Federal health officials are reviewing new ways to improve the federally run marketplace established under the Affordable Care Act that went live in the fall of 2013.
“While we have made the process of purchasing insurance more transparent and made it simpler for consumers to get covered through HealthCare.gov, we know there is still work to do to make it easier for consumers to find the right plan for their families’ health needs and budgets, including the right provider or costs associated with plans,” stated Centers for Medicare and Medicaid Services spokesman Aaron Albright in an email.
No date has been set for when updates might occur, and exchange leaders are in the early stages of developing possible out-of-pocket cost calculators to help people choose a marketplace plan.
Illinois is the only state that has some version of a decision-making tool up and running.
Researchers, including Tom Baker from the University of Pennsylvania, say the sooner these tools are available, the better.
“What’s easy to know is your premium, and what’s easy to know is the deductible,” he said. “What is very hard to know without a good decision support tool is what your costs are likely to be over the course of the year, given your situation.”

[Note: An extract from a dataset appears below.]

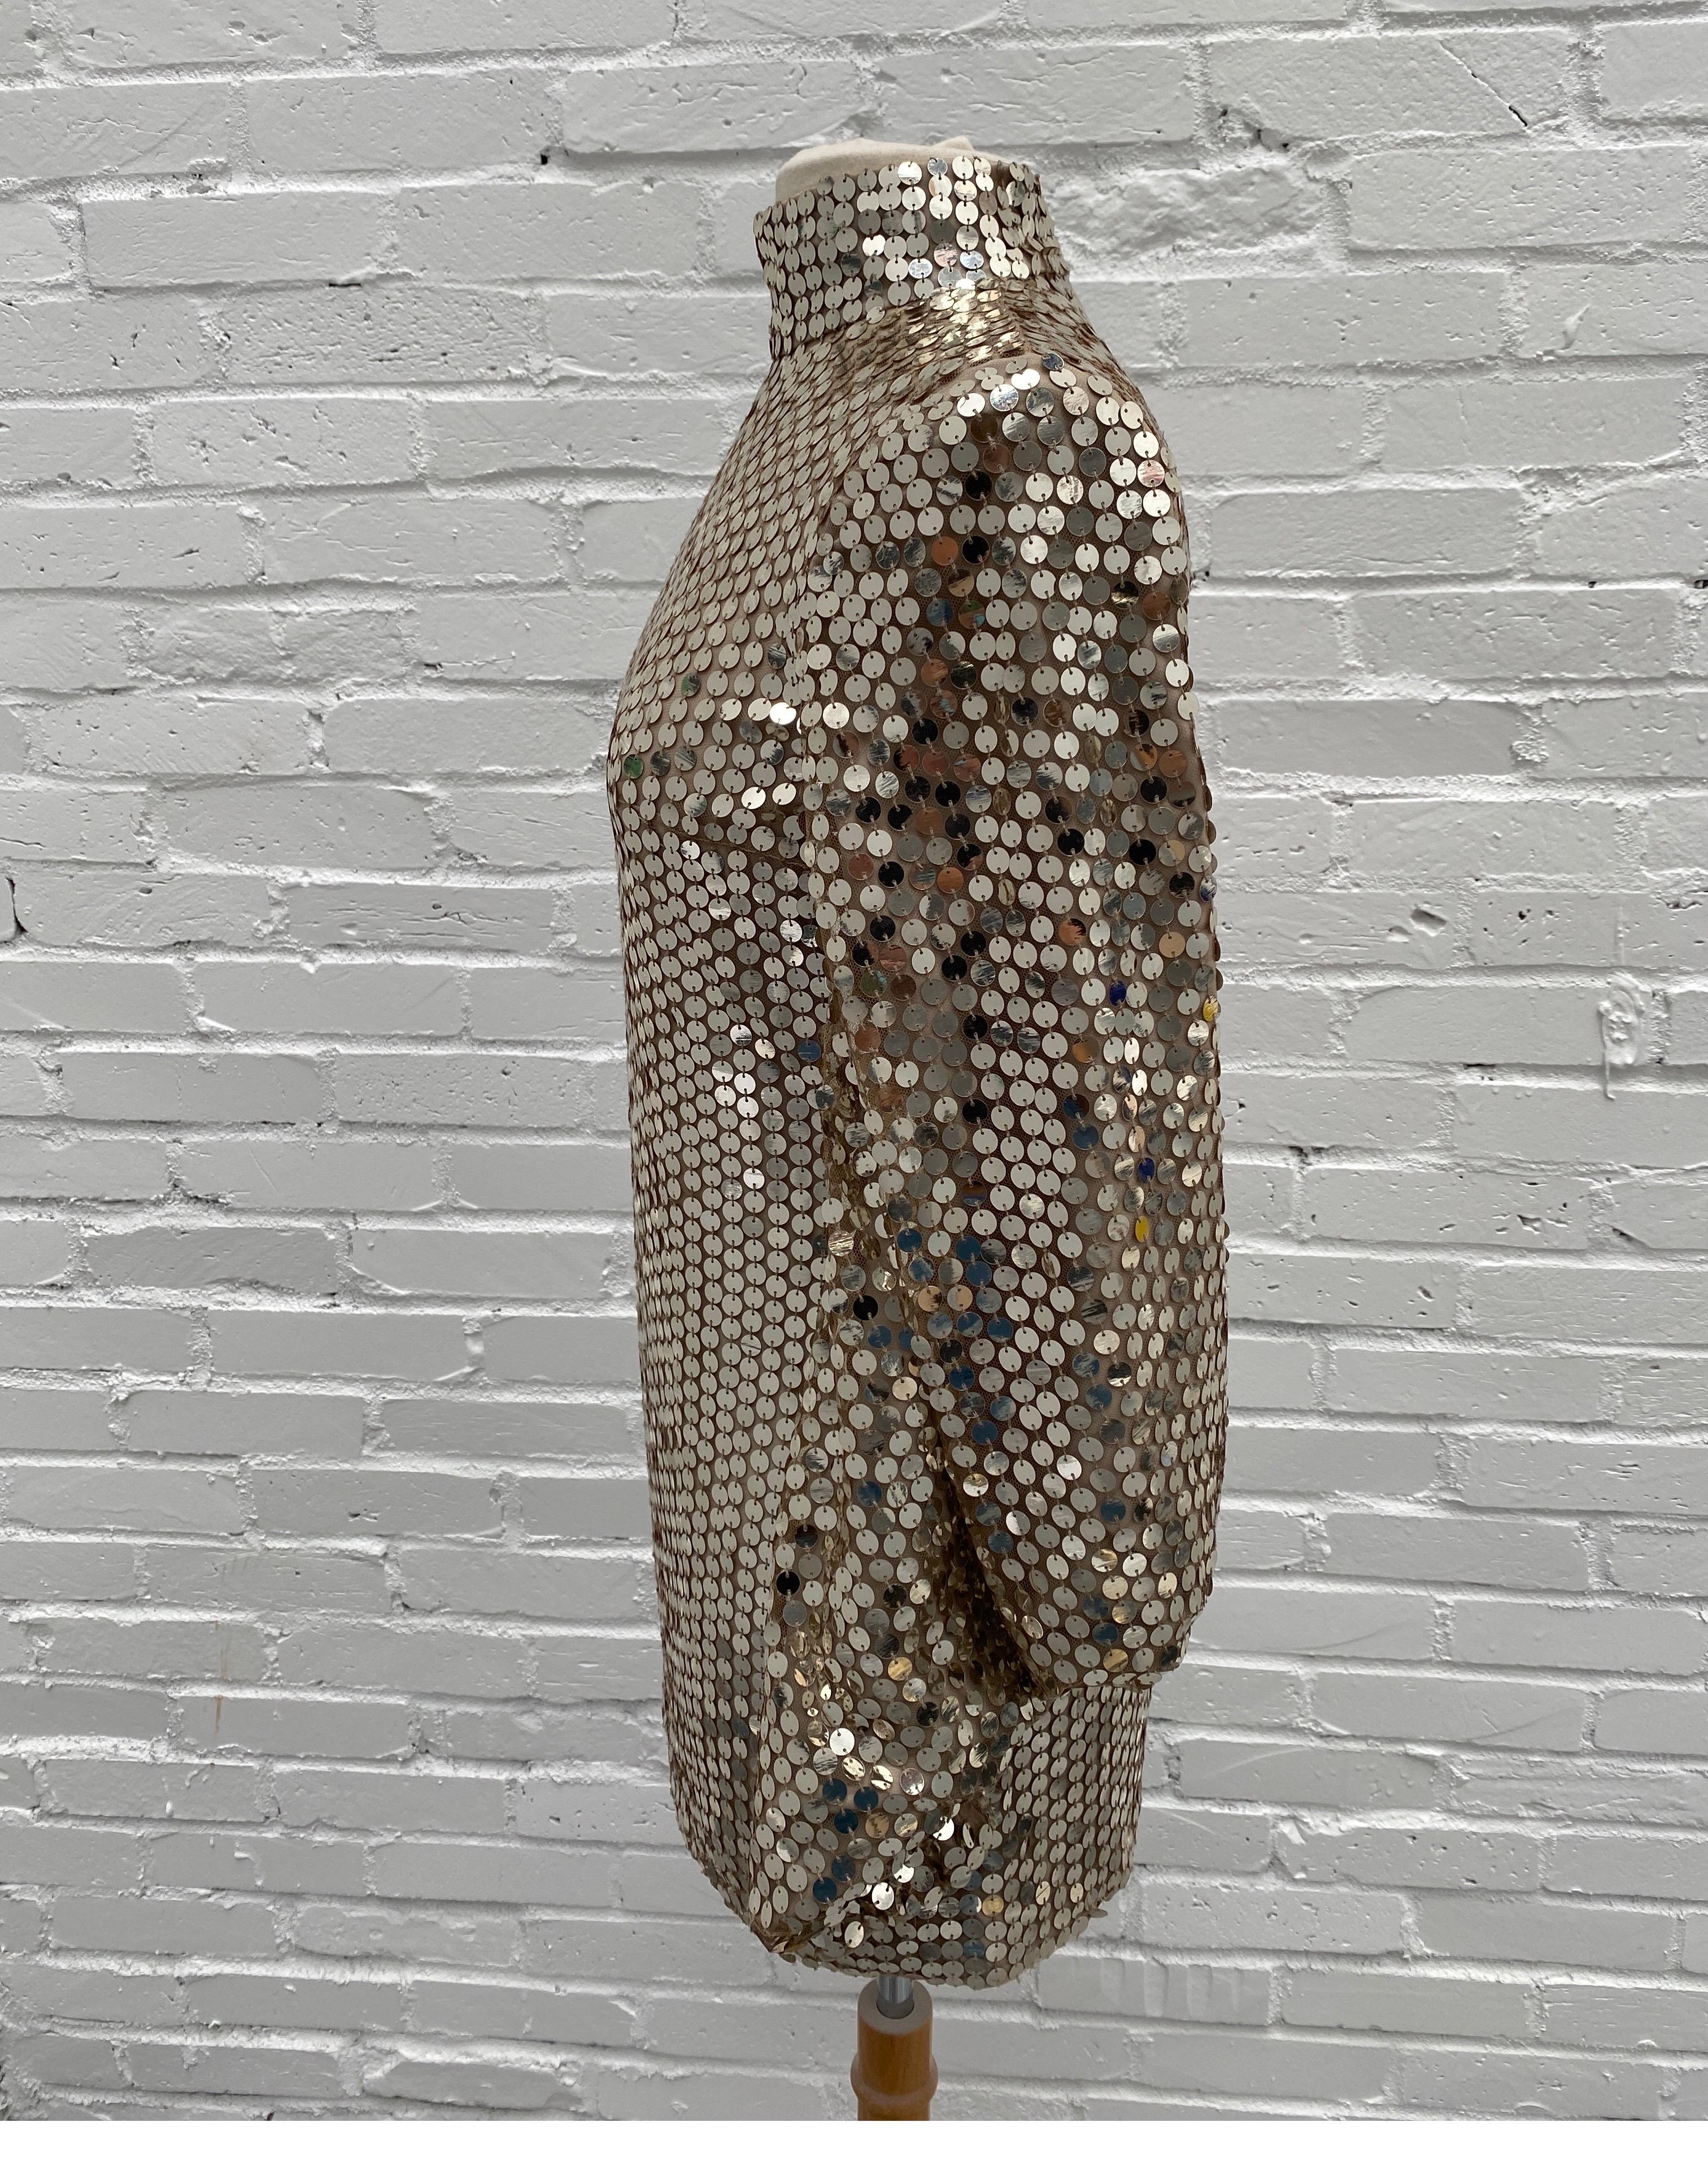 Tom Ford Couture Sequin Dress. Gorgeous sequins. Champagne gold color. Size XS. Size 0-2. Brand new condition. Mini dress. Retail $9500. Guaranteed authentic.

Baker is co-founder of a company that’s developing such decision-making tools. Making decisions based on a huge list of plan options on federally run marketplaces in Pennsylvania and elsewhere may lead to poorer choices.
People may pay too much for a plan and for services they won’t need, or they may pay too little upfront, with even greater costs down the road. That’s what his research and that of others is finding in private-employer marketplaces.
Federal marketplace leaders are currently meeting with experts about this, and they’ve also solicited public comments on the issue. Other marketplace changes involve requiring insurers to update their provider networks monthly.